Explicit HTTP/HTTPS proxy
Before the release of AWS Network Firewall, the standard solution for egress filtering suggested by AWS Solution Architects was to utilize an explicit HTTP/HTTPS proxy - either in the form of an open source solution using Squid, or a third party marketplace proxy.
One obvious downside to these options is that they only support outbound HTTP/HTTPS connectivity. Whilst there are many situations in which this will be perfectly sufficient, this can be problematic limitation.
There is a reasonable amount of maintenance required when using this solution - not only will allow lists need to be maintained, but the proxy solution itself and the instances it runs on will too. Configuring applications to utilize the explicit proxy can sometimes be challenging, meaning this approach places an additional burden on developers and application support teams.
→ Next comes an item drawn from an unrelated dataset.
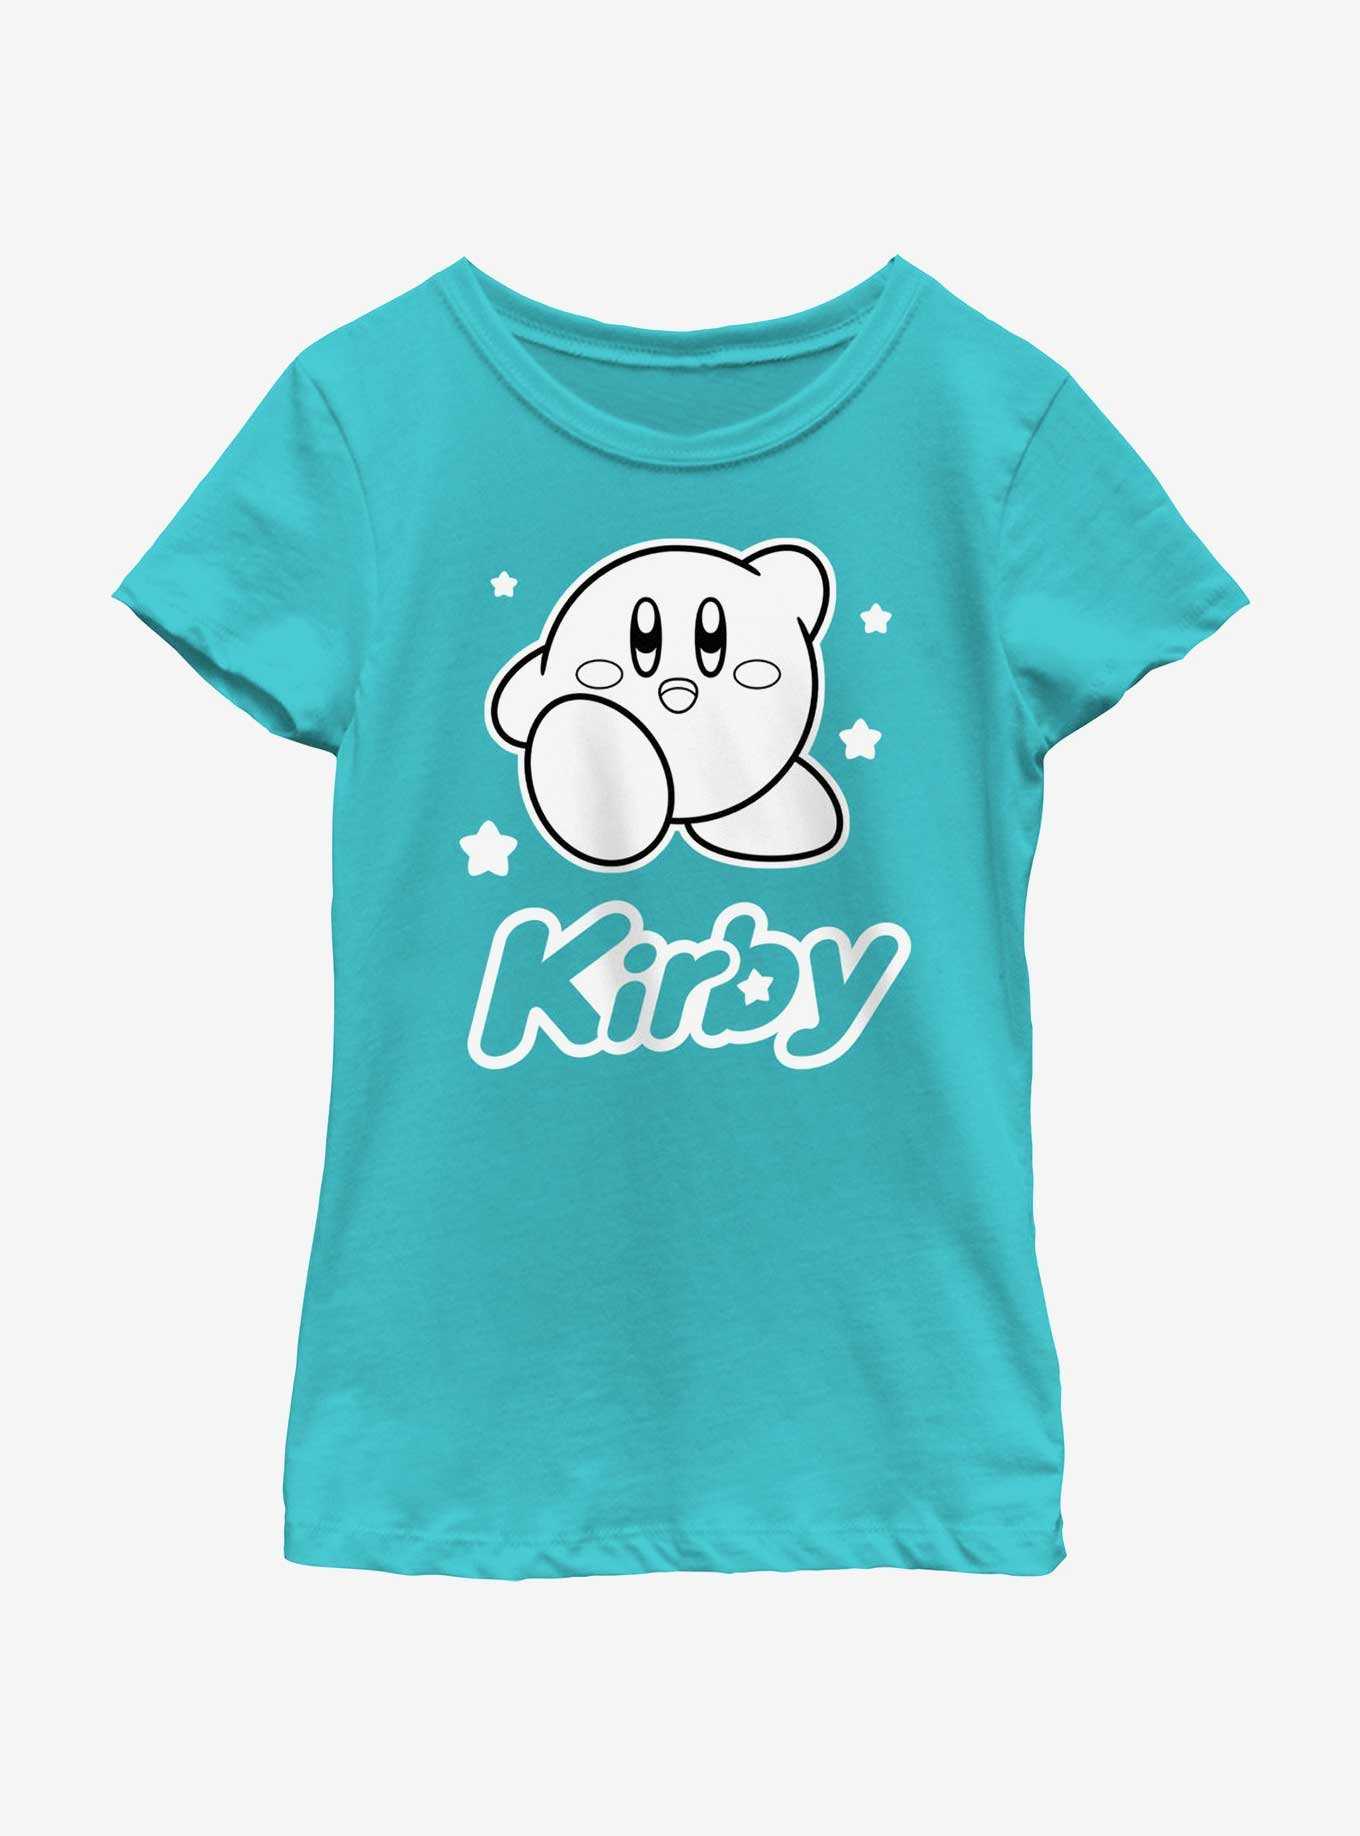 Kirby Star Pose Youth Girls T-Shirt, , hi-res

Other Third party solutions
As well as third party solutions from AWS Marketplace which provide explicit HTTP/HTTPS proxy, there are some solutions available which offer hostname based filtering but act as a NAT gateway.
I do not have any direct experience with any of these products, so I won’t provide any further comment on them beyond acknowledging their existence.
Suggested approach
In smaller environments, you may decide that you are comfortable letting developers decide the levels of outbound access that is appropriate for their application. This is particularly true in serverless environments, where the scope for deploying rootkits is limited or non-existent.
For everyone else, I would suggest that AWS Network Firewall makes the most sense to evaluate as the ‘default’ option. It offers good flexibility with the Suricata rule engine, and can easily be deployed throughout an environment.
It’s important to acknowledge that everything short of full outbound access is going to create a point of friction between the team with control over that outbound access and everyone using the environment. That doesn’t mean that it’s wrong to try and control outbound access, but it is vital to have the right team and processes in place to handle requests in a timely manner. If outbound access is restricted it is inevitable that at some point there will be an outage, possibly out of business hours, that will require additional outbound access to resolve. If outbound access is managed by a team that isn’t able to deal with this situation, it could have serious repercussions.